Colorado is one of few U.S. states that has decided that private property owners supersede the public when it comes to access to rivers and streams.

“Who owns the beds of Colorado’s rivers?”
Ben Goldfarb reports for High Country News about a lawsuit that could change Colorado’s unique law that declares most of the state’s rivers to be non-navigable, and thus owned by adjacent property owners.
“From a river-access standpoint, Colorado is among the West’s oddest states,” explains Goldfarb. “Federal law dictates that the beds of ‘navigable’ rivers — waterways once used as highways for commerce — belong to the states, which, in turn, generally allow boaters and anglers to use them.”

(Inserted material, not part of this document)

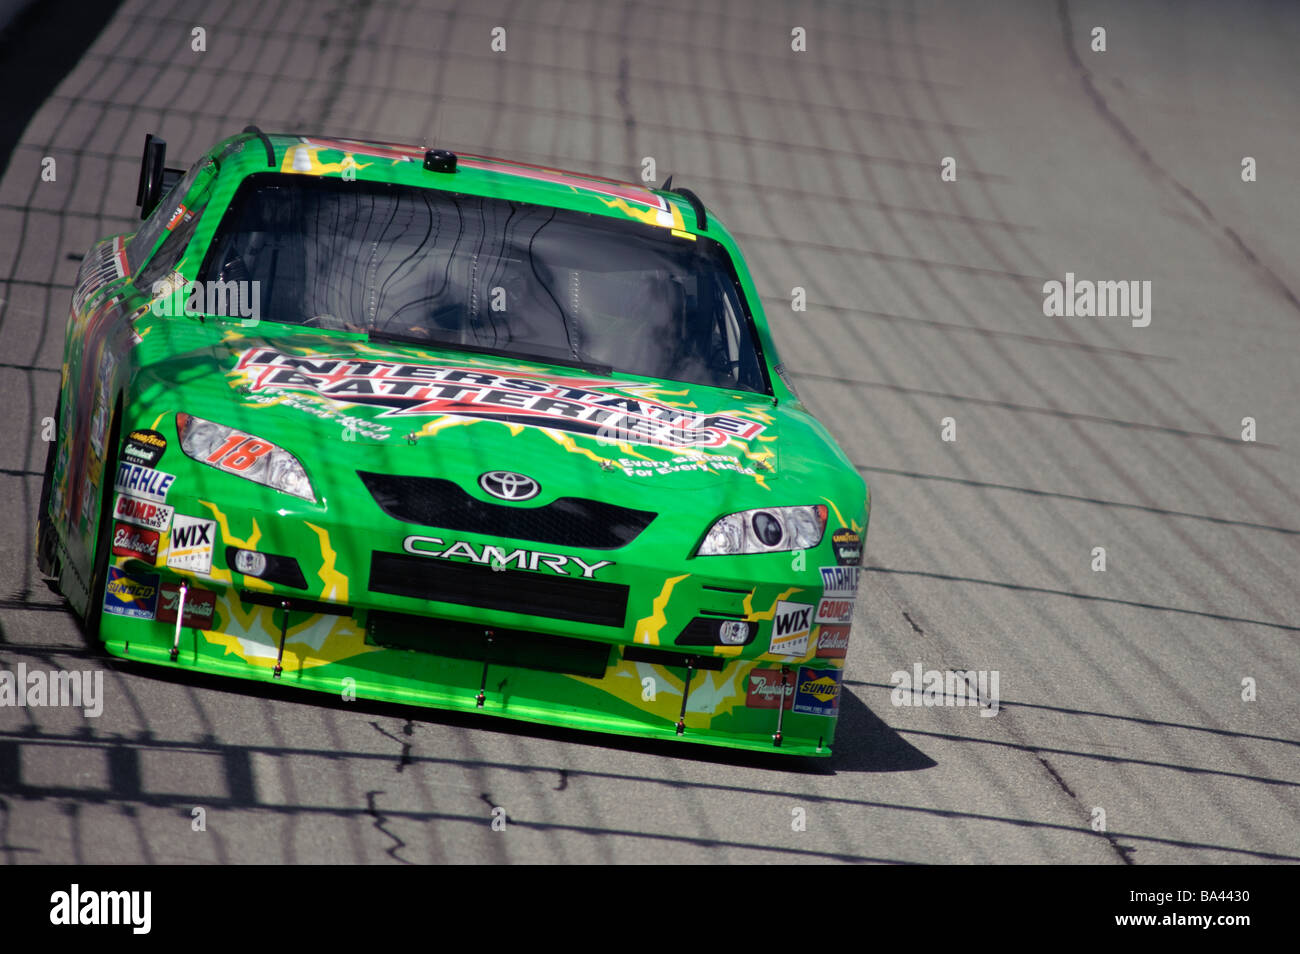 Kyle Busch drives his Interstate Batteries Toyota Camry in the 3M Performance 400 at Michigan International Speedway, 2008. Stock Photo

“Colorado has historically denied that it even has navigable rivers,” adds Goldfarb. “In 1912, the state’s Supreme Court opined that the state’s waterways — steep, rushing, canyon-bound — were ‘nonnavigable within its territorial limits.’ By that logic, the beds of even major rivers belonged not to the state, but to the owners of adjacent private properties.”
Enter Roger Hill, who was repeatedly attacked by a property owner while fishing on the Arkansas River and decided to sue the property owners and the state, claiming that the river is, in fact, navigable.
More details on the case Hill has built to prove the river is navigable, with commercial traffic using the river back to the 1870s, is included in the article. Goldfarb also notes that Colorado is not the only state to litigate the issues of public access to rivers in recent years.
“In 2010, the Utah Legislature barred the public from wading non-navigable waters through private property, effectively closing more than 40% of the state’s miles of fishable streams; although anglers and boaters sued, a judge upheld the law last year,” for example. Advocates in New Mexico succeeded in fighting back a law that restricted access to the state’s rivers in 2015.